Abstract

Rossini's Ciro in Babilonia, ossia, La caduta di Baldassare (Cyrus in Babylon, or, The Fall of Belshazzar) was performed during Lent in 1812 at Ferrara's Teatro Comunale. This study examines how the opera's librettist Francesco Aventi synthesized disparate sources that included the Greek historian Herodotus and the Biblical prophets, ancient and early modern prose treatises on the Persian king Cyrus the Great, and baroque operatic representations of imperial power; and how Rossini responded to those sources musically for the particular historical moment in March of 1812. The piece is of interest as the first serious opera for the librettist and the composer both.
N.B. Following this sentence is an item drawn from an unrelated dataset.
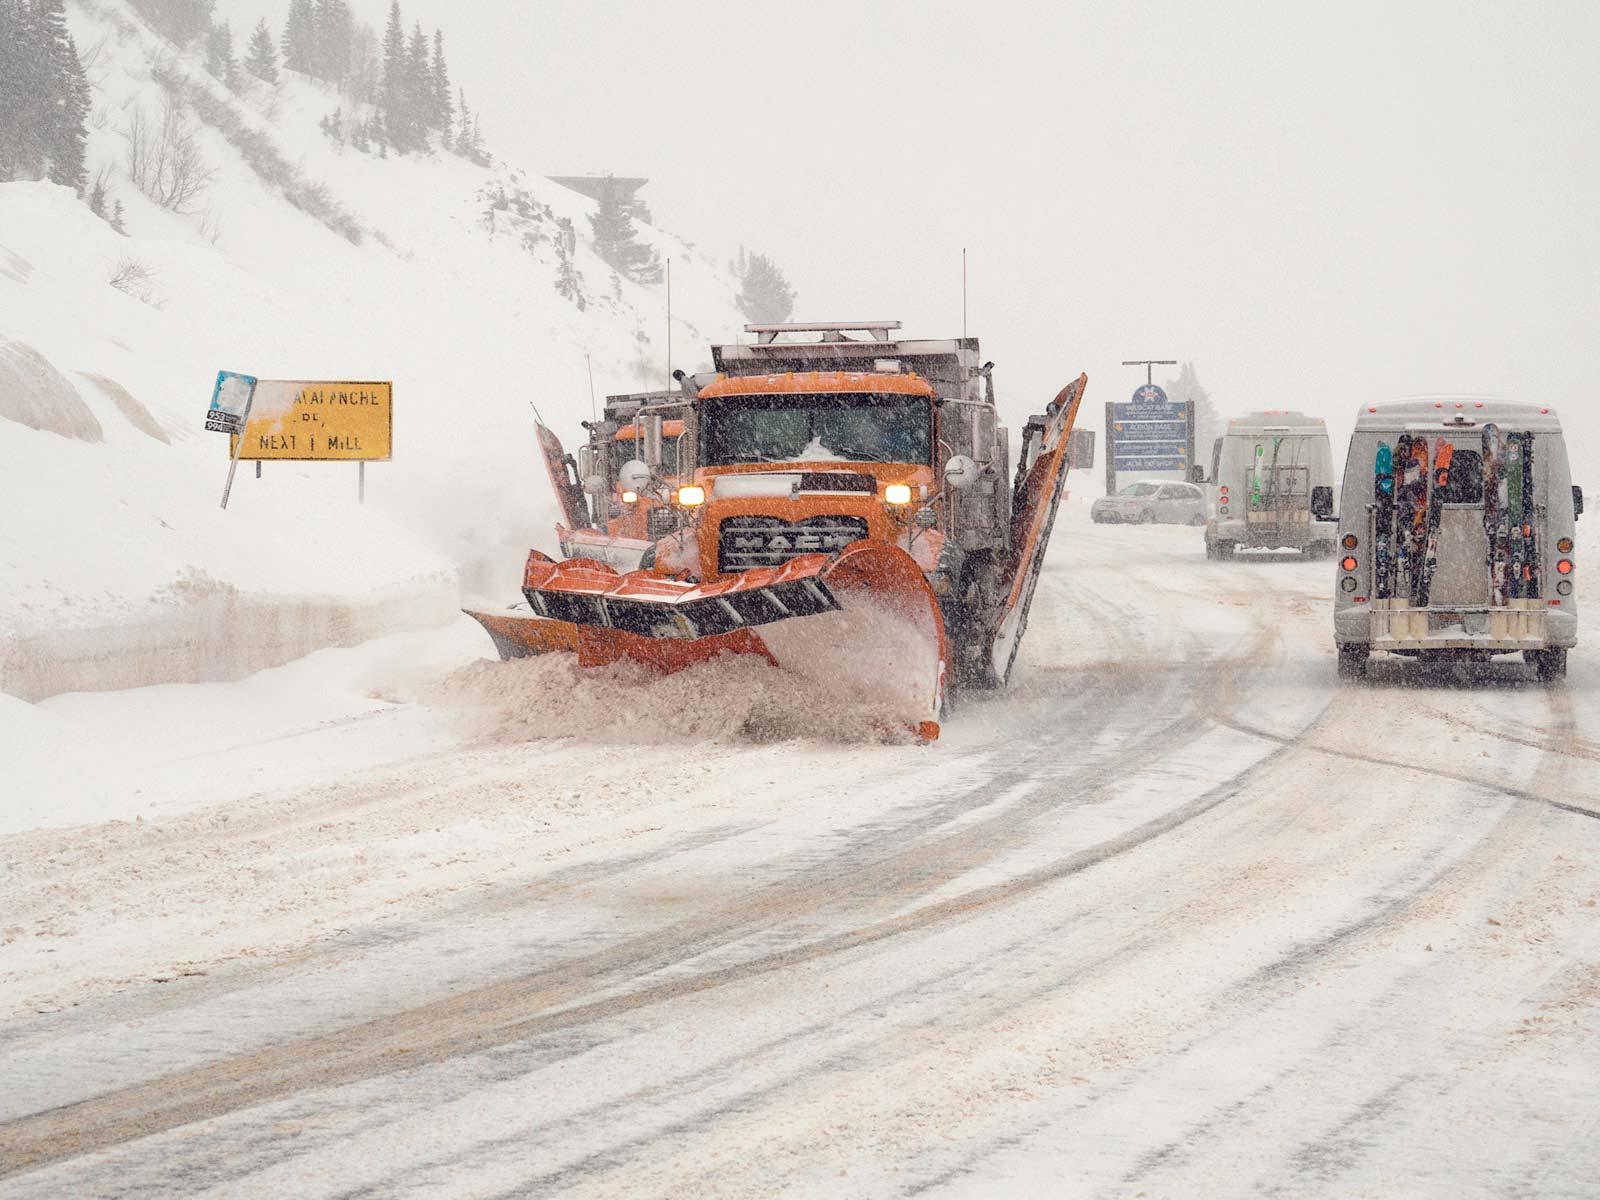 granite-tdot-snow-plow-2

It displays innovative approaches to classicizing material familiar from the eighteenth-century, as exemplified in Metastasio's Ciro riconosciuto and Sarti's Giulio Sabino, and it presents the secular hero Cyrus as a Christological figure that suffers and then triumphs with divine help. Musically it anticipates developments in Rossini's own Mosè in Egitto and Semiramide. The title “Under cover in Babylon” refers first to Aventi's and Rossini's use of the standard operatic plot device of the disguised lover to motivate Cyrus's entry into the enemy city of Babylon. Second, by calling the piece an “oratorio” and including Biblical material, they disguised an opera as an entertainment appropriate for Lent. Finally, the piece carries possible but subtly expressed messages connected with Napoleonic Italy and the Ferrarese Jewish community.